### Provided material:
%%

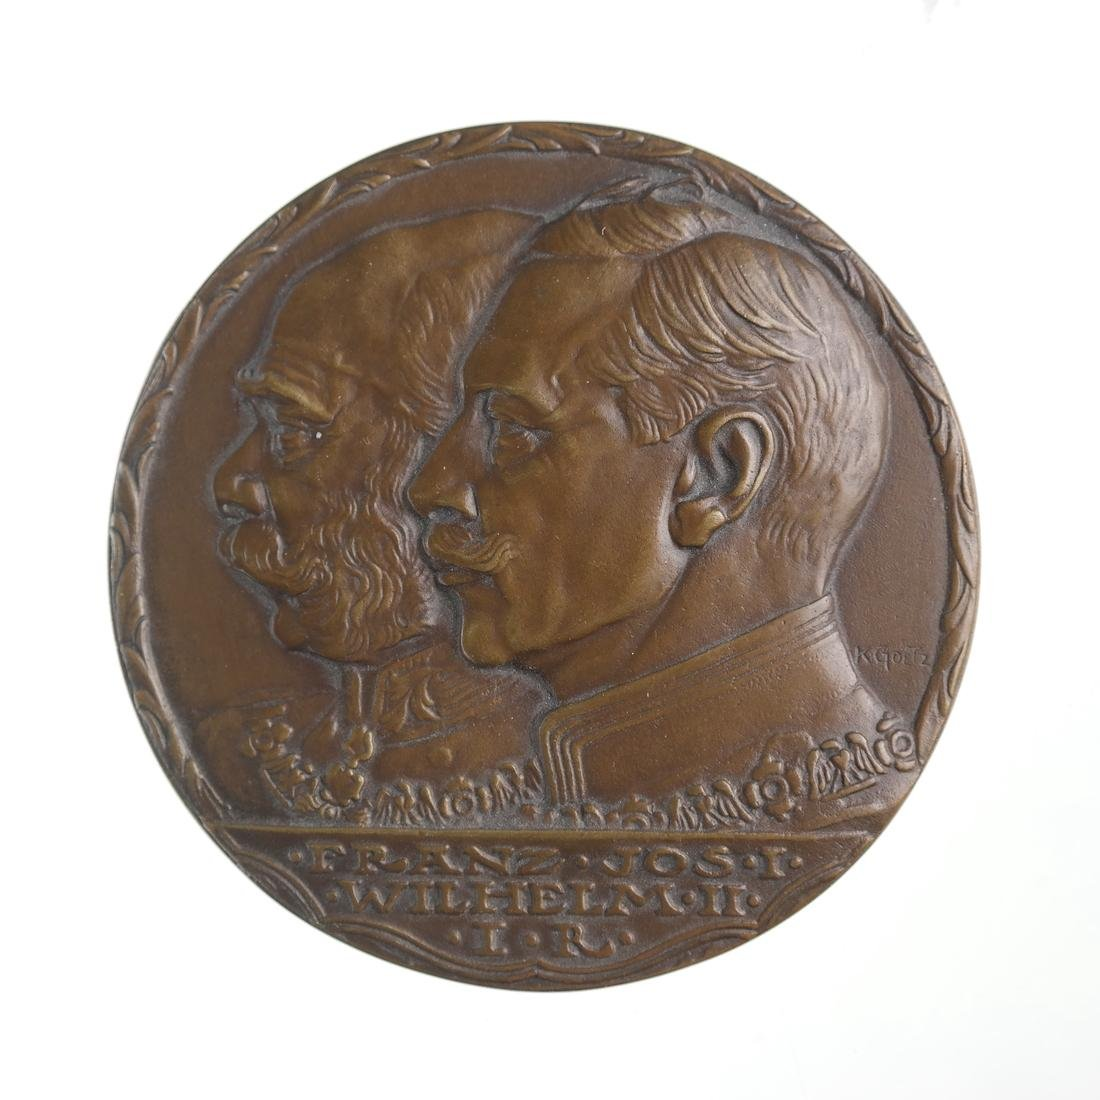 GERMANY. AUSTRO-GERMAN ALLIANCE MEDAL, 1914.
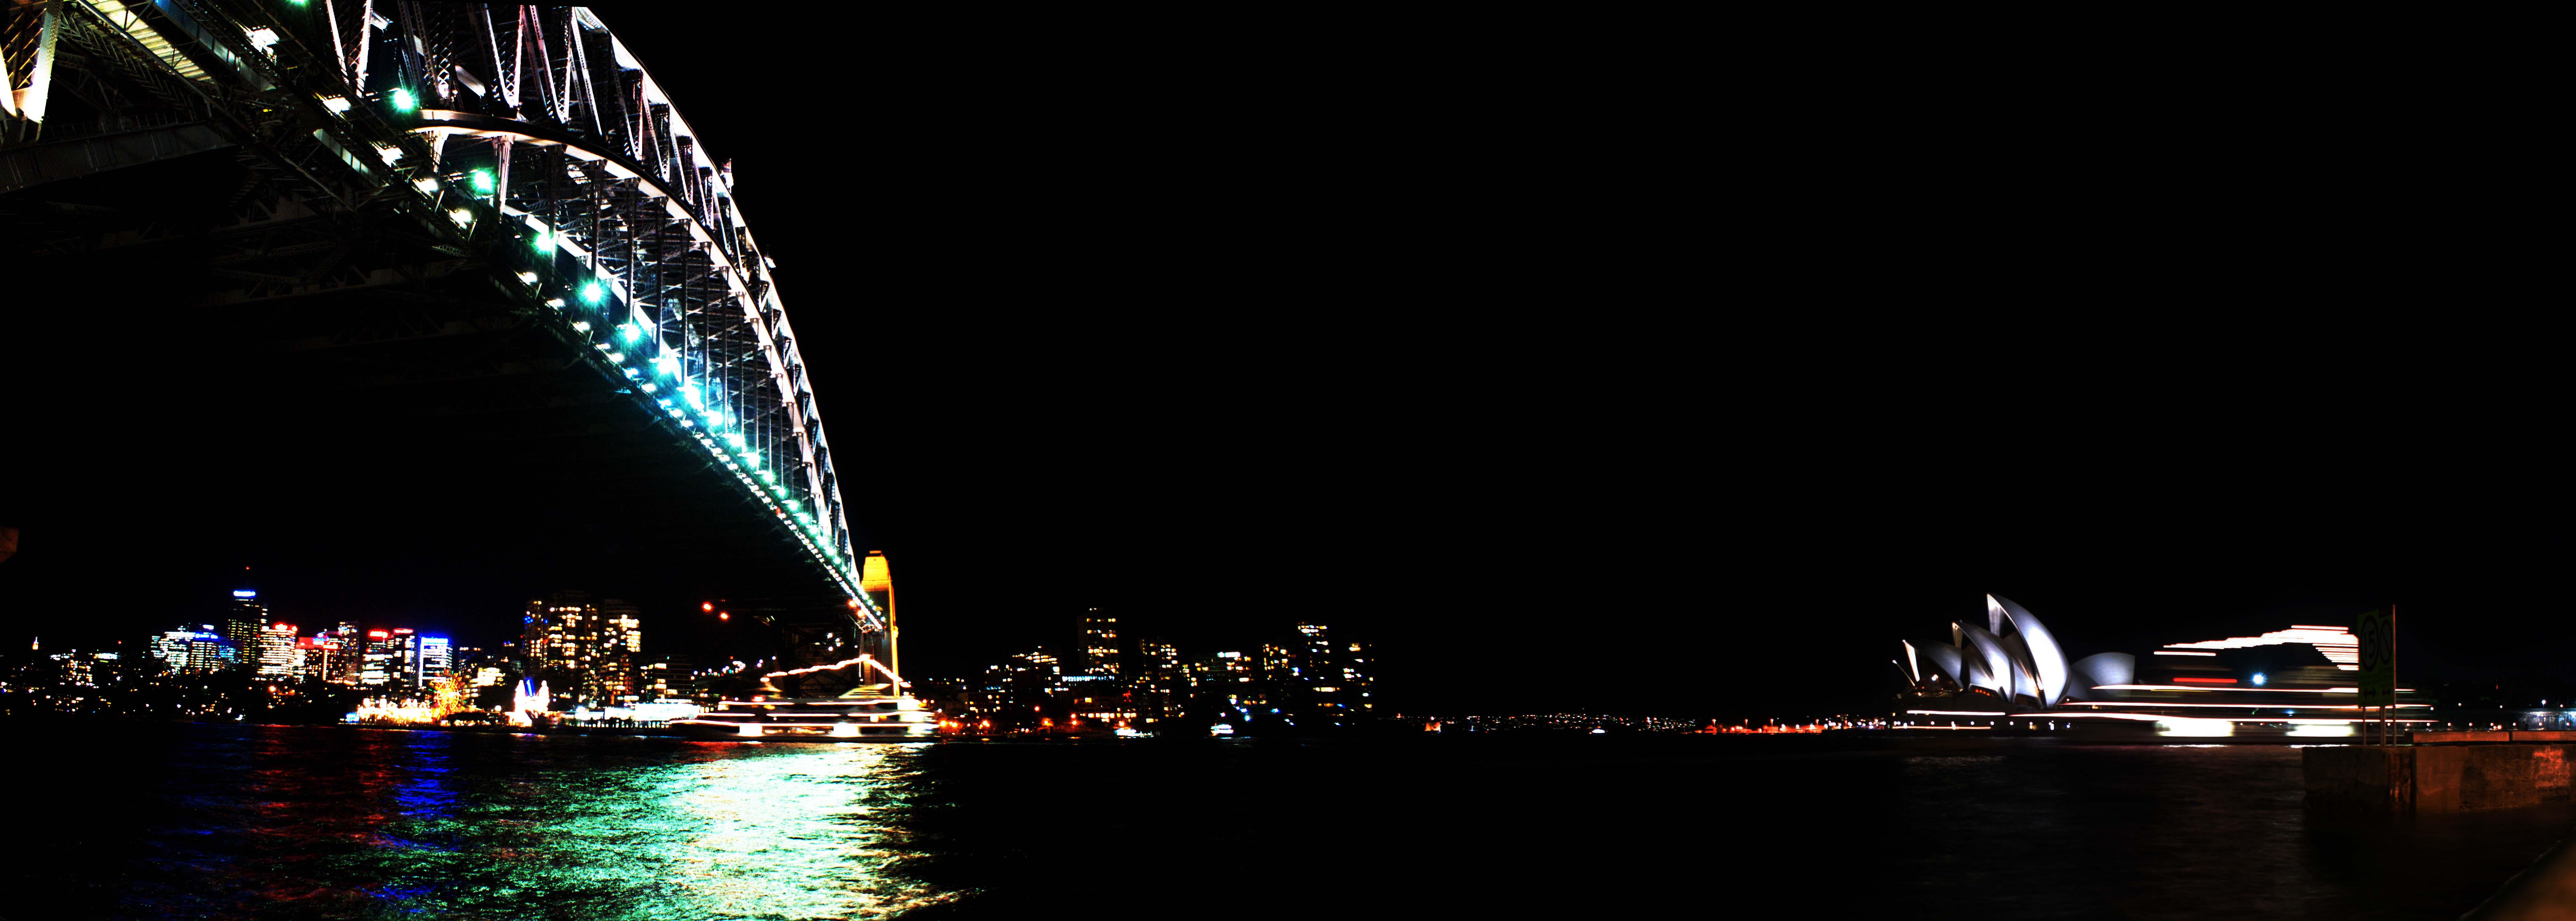 A work by Does - Sydney australia skyline
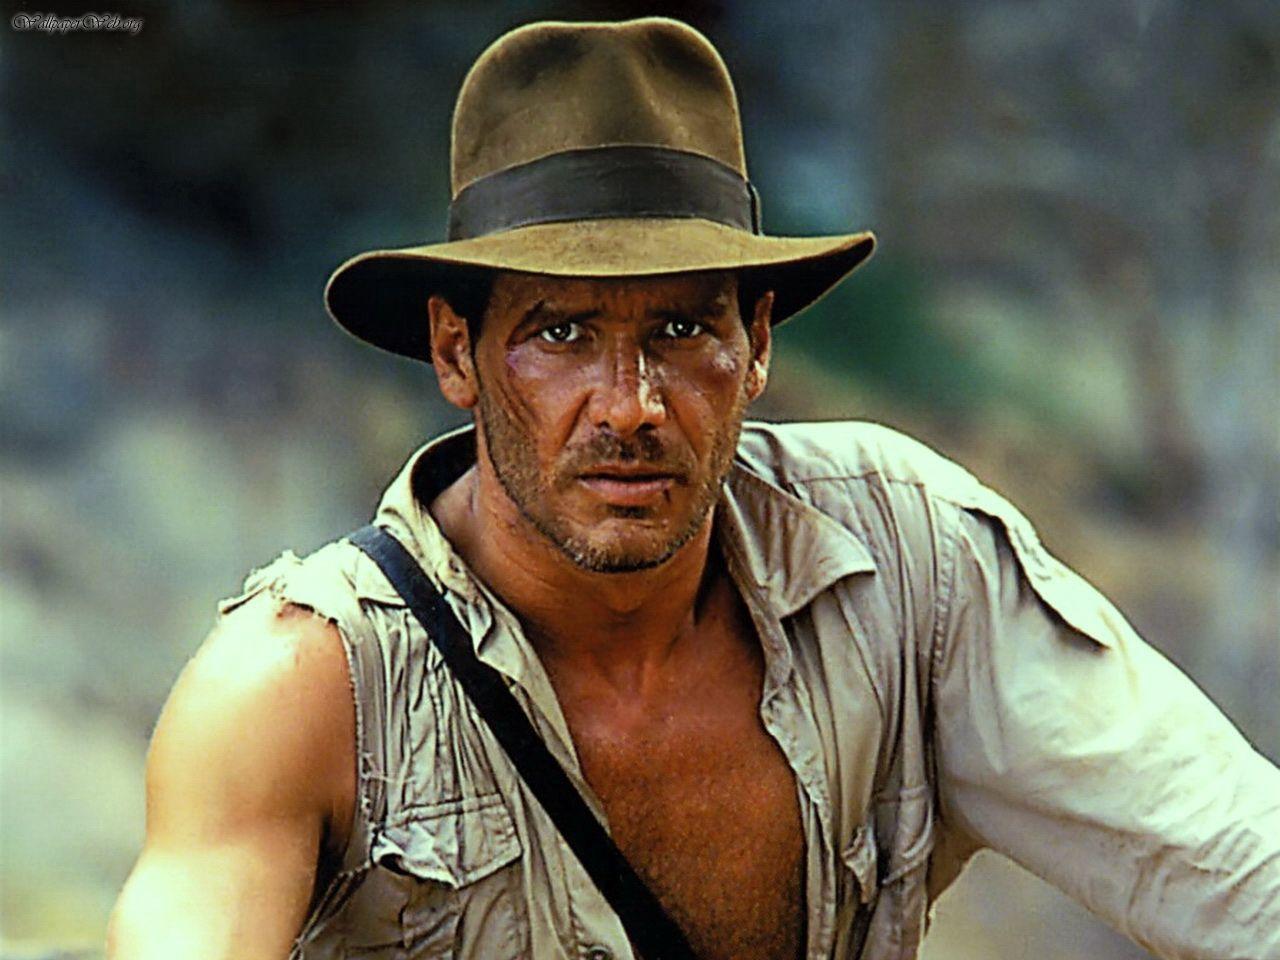 Lookinu0027 mighty fine Dr. Jones. Mighty fine.  sc 1 st  See Rebecca Sew & See Rebecca Sew: Halloween 2011: Indiana Jones Costume Ideas

%%

Please print the line that contains "A work by Does - Sydney australia skyline" along with every later line of the material, exactly, through the last one. Leave pictures out of the copy.

 A work by Does - Sydney australia skyline
 Lookinu0027 mighty fine Dr. Jones. Mighty fine.  sc 1 st  See Rebecca Sew & See Rebecca Sew: Halloween 2011: Indiana Jones Costume Ideas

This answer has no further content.